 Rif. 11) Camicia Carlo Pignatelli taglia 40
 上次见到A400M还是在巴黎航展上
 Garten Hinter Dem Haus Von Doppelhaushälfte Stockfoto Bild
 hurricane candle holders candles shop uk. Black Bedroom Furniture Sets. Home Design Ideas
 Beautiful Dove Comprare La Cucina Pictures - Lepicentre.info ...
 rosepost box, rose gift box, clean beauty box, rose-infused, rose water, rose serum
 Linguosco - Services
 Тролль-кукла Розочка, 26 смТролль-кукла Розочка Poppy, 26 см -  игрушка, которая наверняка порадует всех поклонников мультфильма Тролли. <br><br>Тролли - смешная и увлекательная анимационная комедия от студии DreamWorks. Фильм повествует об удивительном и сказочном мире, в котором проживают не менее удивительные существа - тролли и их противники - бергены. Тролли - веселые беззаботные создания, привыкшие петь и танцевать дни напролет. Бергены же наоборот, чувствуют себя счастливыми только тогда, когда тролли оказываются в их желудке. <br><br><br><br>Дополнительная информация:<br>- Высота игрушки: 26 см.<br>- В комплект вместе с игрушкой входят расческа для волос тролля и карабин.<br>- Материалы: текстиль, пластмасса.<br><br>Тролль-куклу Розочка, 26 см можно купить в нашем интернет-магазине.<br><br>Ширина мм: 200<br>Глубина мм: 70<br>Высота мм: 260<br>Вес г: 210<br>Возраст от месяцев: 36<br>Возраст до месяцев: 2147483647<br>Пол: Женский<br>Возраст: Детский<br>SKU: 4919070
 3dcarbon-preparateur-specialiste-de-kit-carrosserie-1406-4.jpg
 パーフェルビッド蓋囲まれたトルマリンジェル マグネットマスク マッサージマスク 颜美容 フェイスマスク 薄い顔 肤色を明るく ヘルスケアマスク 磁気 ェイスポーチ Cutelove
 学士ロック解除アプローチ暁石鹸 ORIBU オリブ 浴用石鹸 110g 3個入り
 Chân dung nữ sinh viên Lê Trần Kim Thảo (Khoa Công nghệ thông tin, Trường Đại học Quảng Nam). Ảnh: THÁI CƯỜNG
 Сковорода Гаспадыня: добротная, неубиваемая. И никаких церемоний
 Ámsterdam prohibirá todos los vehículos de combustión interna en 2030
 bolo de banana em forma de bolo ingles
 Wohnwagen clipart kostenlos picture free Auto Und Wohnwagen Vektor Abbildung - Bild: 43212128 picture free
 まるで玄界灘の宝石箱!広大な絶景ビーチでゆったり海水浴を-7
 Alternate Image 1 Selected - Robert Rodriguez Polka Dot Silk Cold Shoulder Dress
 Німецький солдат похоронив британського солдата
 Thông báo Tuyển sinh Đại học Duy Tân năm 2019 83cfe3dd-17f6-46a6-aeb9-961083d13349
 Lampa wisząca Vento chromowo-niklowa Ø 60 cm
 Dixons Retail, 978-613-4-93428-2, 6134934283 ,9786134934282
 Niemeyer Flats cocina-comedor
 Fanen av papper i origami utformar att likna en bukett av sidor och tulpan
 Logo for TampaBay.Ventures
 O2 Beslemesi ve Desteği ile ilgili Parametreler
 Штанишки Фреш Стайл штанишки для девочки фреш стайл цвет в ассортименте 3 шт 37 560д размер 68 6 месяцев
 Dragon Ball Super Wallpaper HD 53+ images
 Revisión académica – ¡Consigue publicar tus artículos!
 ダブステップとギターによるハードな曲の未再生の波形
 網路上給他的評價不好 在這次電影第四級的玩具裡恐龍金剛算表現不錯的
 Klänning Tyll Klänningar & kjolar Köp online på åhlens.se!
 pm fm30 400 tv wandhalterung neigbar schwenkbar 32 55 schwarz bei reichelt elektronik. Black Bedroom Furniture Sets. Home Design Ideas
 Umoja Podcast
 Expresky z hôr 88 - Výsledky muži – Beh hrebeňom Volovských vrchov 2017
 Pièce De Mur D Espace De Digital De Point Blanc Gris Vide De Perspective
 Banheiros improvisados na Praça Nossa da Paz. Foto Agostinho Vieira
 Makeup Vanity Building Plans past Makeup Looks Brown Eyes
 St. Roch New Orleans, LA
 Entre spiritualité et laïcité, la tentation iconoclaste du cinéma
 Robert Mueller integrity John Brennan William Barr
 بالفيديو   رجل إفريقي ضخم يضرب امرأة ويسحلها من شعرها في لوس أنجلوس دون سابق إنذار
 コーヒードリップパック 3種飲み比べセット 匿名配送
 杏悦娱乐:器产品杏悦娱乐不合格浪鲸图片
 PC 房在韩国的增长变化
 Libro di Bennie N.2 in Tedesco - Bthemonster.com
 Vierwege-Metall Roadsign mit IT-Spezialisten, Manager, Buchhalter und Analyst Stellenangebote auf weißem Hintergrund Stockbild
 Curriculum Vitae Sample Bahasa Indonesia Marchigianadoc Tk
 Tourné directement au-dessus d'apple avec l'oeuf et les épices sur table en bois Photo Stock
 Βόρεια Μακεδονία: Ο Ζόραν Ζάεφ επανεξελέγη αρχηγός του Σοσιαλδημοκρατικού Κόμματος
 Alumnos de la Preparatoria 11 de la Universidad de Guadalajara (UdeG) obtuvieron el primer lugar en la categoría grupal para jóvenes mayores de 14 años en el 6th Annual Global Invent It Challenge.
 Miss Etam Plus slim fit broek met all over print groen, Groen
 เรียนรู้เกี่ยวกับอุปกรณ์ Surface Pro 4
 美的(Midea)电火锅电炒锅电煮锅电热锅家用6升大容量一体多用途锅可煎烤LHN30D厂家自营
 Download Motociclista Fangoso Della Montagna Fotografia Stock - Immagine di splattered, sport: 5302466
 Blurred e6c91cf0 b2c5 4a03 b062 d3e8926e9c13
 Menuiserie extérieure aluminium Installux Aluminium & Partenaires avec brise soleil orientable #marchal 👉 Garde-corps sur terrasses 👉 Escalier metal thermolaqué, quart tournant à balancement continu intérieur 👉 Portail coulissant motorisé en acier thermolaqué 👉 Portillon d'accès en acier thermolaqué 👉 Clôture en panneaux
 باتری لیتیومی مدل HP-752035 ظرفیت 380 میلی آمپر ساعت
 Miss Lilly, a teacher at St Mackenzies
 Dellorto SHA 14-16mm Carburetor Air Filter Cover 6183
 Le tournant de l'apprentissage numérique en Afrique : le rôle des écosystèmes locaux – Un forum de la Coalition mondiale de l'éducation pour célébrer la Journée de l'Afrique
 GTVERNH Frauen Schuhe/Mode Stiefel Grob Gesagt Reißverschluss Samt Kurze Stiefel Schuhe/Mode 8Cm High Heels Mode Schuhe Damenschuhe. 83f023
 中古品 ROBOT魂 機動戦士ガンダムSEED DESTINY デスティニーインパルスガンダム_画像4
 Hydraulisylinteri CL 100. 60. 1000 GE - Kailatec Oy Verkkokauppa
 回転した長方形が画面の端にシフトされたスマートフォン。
______
__What is needed__. Quote the listing above, but only from the line that shows "Libro di Bennie" through the line that shows "Blurred e6c91cf0 b2c5 4a03 b062 d3e8926e9c13".

__The completed task__.
 Libro di Bennie N.2 in Tedesco - Bthemonster.com
 Vierwege-Metall Roadsign mit IT-Spezialisten, Manager, Buchhalter und Analyst Stellenangebote auf weißem Hintergrund Stockbild
 Curriculum Vitae Sample Bahasa Indonesia Marchigianadoc Tk
 Tourné directement au-dessus d'apple avec l'oeuf et les épices sur table en bois Photo Stock
 Βόρεια Μακεδονία: Ο Ζόραν Ζάεφ επανεξελέγη αρχηγός του Σοσιαλδημοκρατικού Κόμματος
 Alumnos de la Preparatoria 11 de la Universidad de Guadalajara (UdeG) obtuvieron el primer lugar en la categoría grupal para jóvenes mayores de 14 años en el 6th Annual Global Invent It Challenge.
 Miss Etam Plus slim fit broek met all over print groen, Groen
 เรียนรู้เกี่ยวกับอุปกรณ์ Surface Pro 4
 美的(Midea)电火锅电炒锅电煮锅电热锅家用6升大容量一体多用途锅可煎烤LHN30D厂家自营
 Download Motociclista Fangoso Della Montagna Fotografia Stock - Immagine di splattered, sport: 5302466
 Blurred e6c91cf0 b2c5 4a03 b062 d3e8926e9c13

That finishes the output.